Chapter 2.1, Problem 16P

Program Plan Intro

Program Description: Purpose of problem is to calculate the number of months takes for $P\left(t\right)$ to reach 95% of the limiting population ( $M$ ).

Explanation of Solution

Given information:

The logistic equation is $\frac{dP}{dt}=aP-b{P}^2$ .

Here, $P\left(t\right)$ is a rabbit population, $B=aP$ is the time rate at which births occur and $D=b{P}^2$ is the rate at which deaths occur.

Initial population is 120 with rate of 8 births per month and 6 deaths per month.

  $\begin{array}{c}{P}_0=120\\ D_0=6\\ B_0=8\end{array}$

Take initial time as 0.

Explanation:

The solution of the logistic differential equation is shown below.

  $P\left(t\right)=\frac{M{P}_0}{P_0+\left(M-P_0\right)e^{-kMt}}$

Here, $k=\frac{D_0}{P_0{}^2}$ and $M=\frac{B_0{P}_0}{D_0}$ .
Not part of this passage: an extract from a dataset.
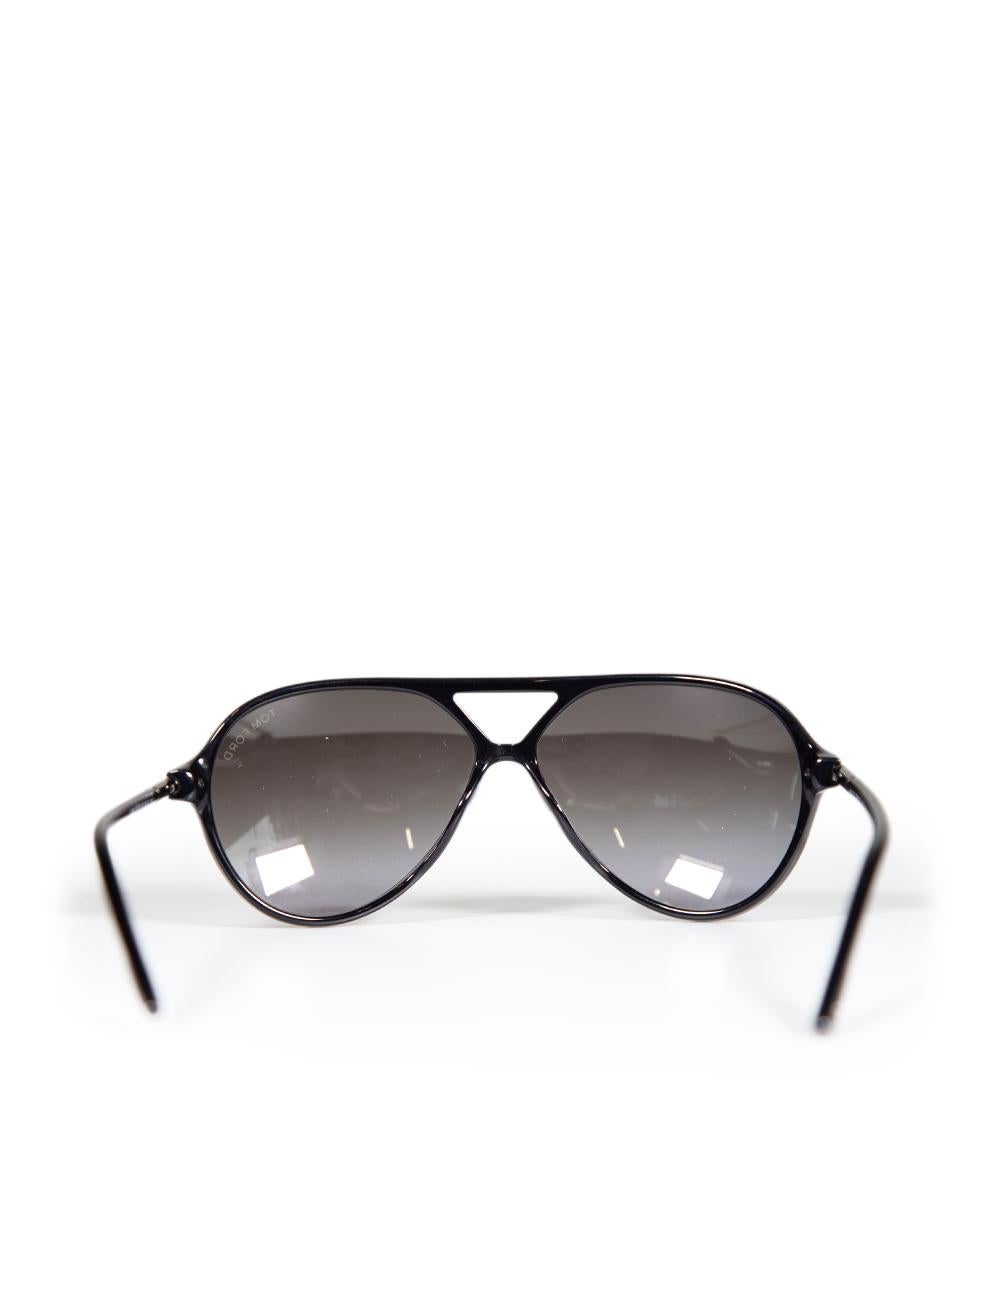 Women's Tom Ford Shiny Black Leopold Sunglasses For Sale

Obtain the maximum capacity of the system $M$ as follows:

  $\begin{array}{c}M=\frac{8\cdot 120}{6}\\ =160\end{array}$

Obtain the value of $k$ as follows:

  $\begin{array}{c}k=\frac{D_0}{P_0{}^2}\\ =\frac{6}{{120}^2}\\ =\frac{6}{14400}\\ =\frac{1}{2400}\end{array}$

Now, substitute the known values $k$ and $M$ into the equation $P\left(t\right)=\frac{M{P}_0}{P_0+\left(M-P_0\right)e^{-kMt}}$ as,

  $\begin{array}{c}P\left(t\right)=\frac{160\cdot 120}{120+\left(160-120\right)e^{-\frac{160t}{2400}}}\\ =\frac{19200}{120+40e^{-\frac{t}{15}}}\end{array}$

To obtain the time at which population reaches to 95% of maximum population, substitute $P\left(t\right)=0.95M$ in the above equation and solve for $t$ .
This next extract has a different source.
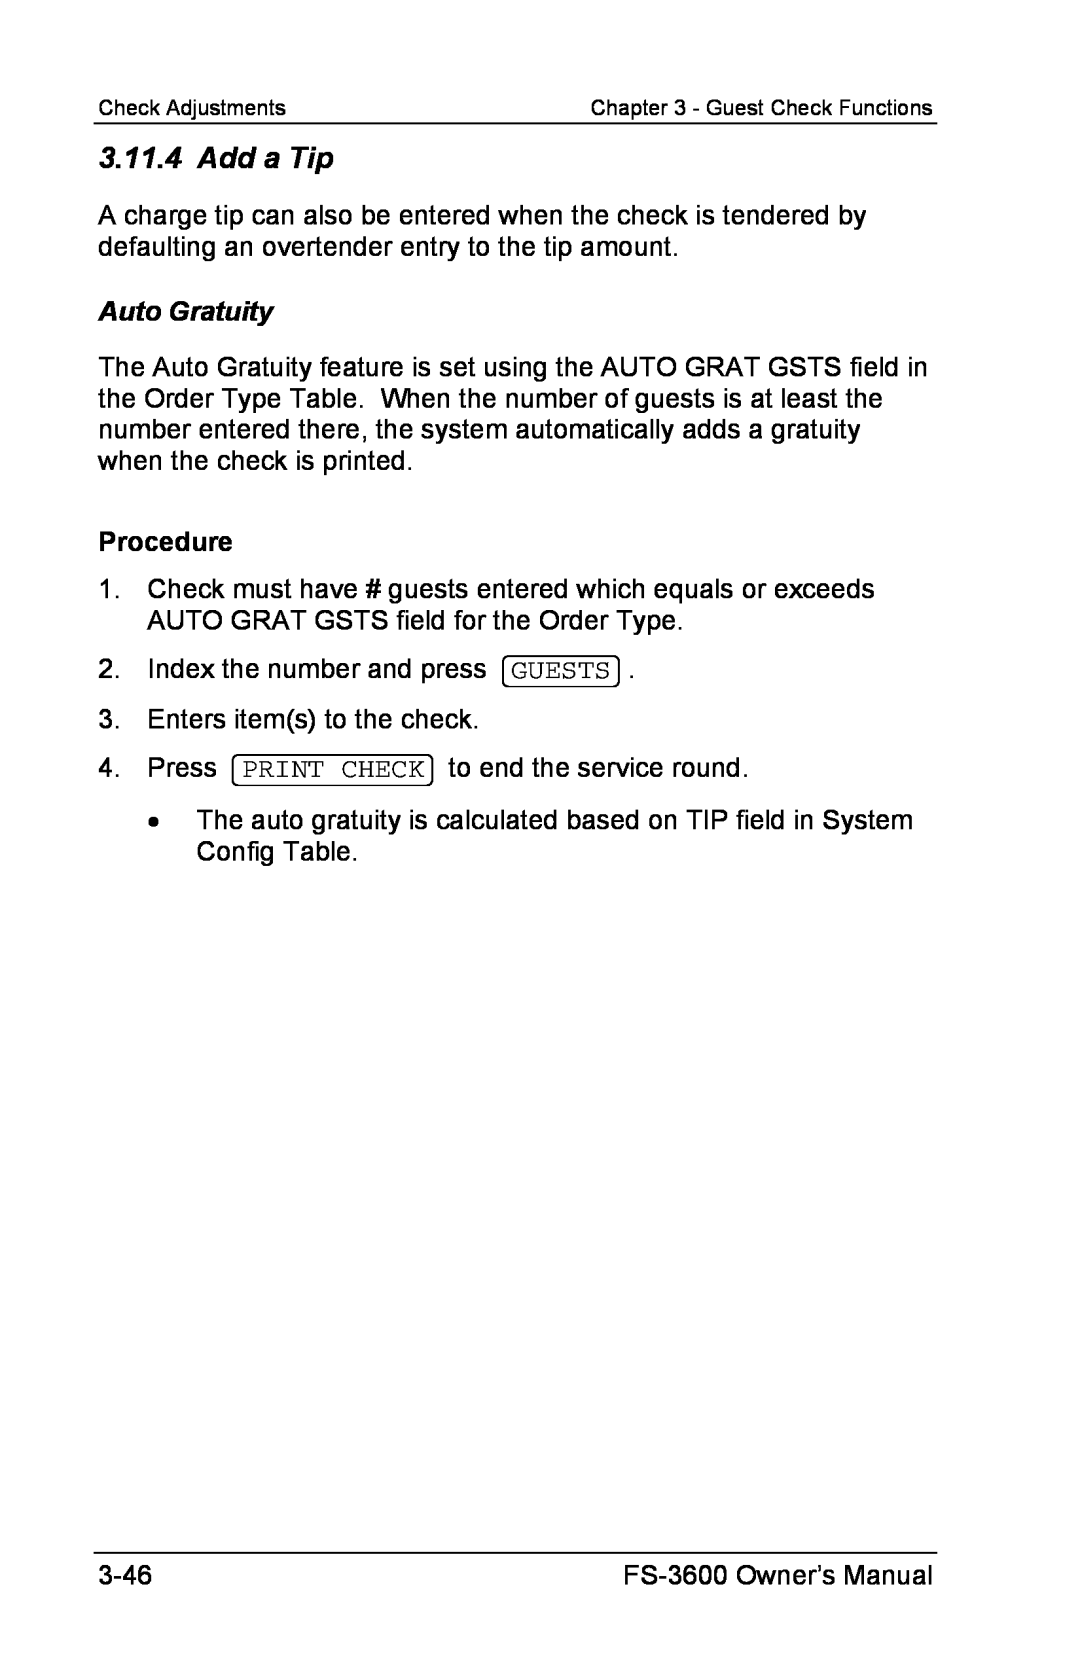 Toshiba FS-3600 owner manual Add a Tip, Auto Gratuity, Procedure

  $\begin{array}{c}0.96\cdot 160=\frac{19200}{120+40e^{-\frac{t}{15}}}\\ 152=\frac{19200}{120+40e^{-\frac{t}{15}}}\\ 120+40e^{-\frac{t}{15}}=\frac{19200}{152}\\ 120+40e^{-\frac{t}{15}}=126.3157\end{array}$

Further, solve the equation as follows:

  $\begin{array}{c}40e^{-\frac{t}{15}}=6.31578\\ e^{-\frac{t}{15}}=0.15789\\ -\frac{t}{15}=\ln 0.158\\ t=-15\cdot \left(-1.84582\right)\\ t\approx 27.69\end{array}$

Conclusion:

Therefore, the number of months takes for $P\left(t\right)$ to reach 95% of the limiting population $M$ is approximately 27.69 months.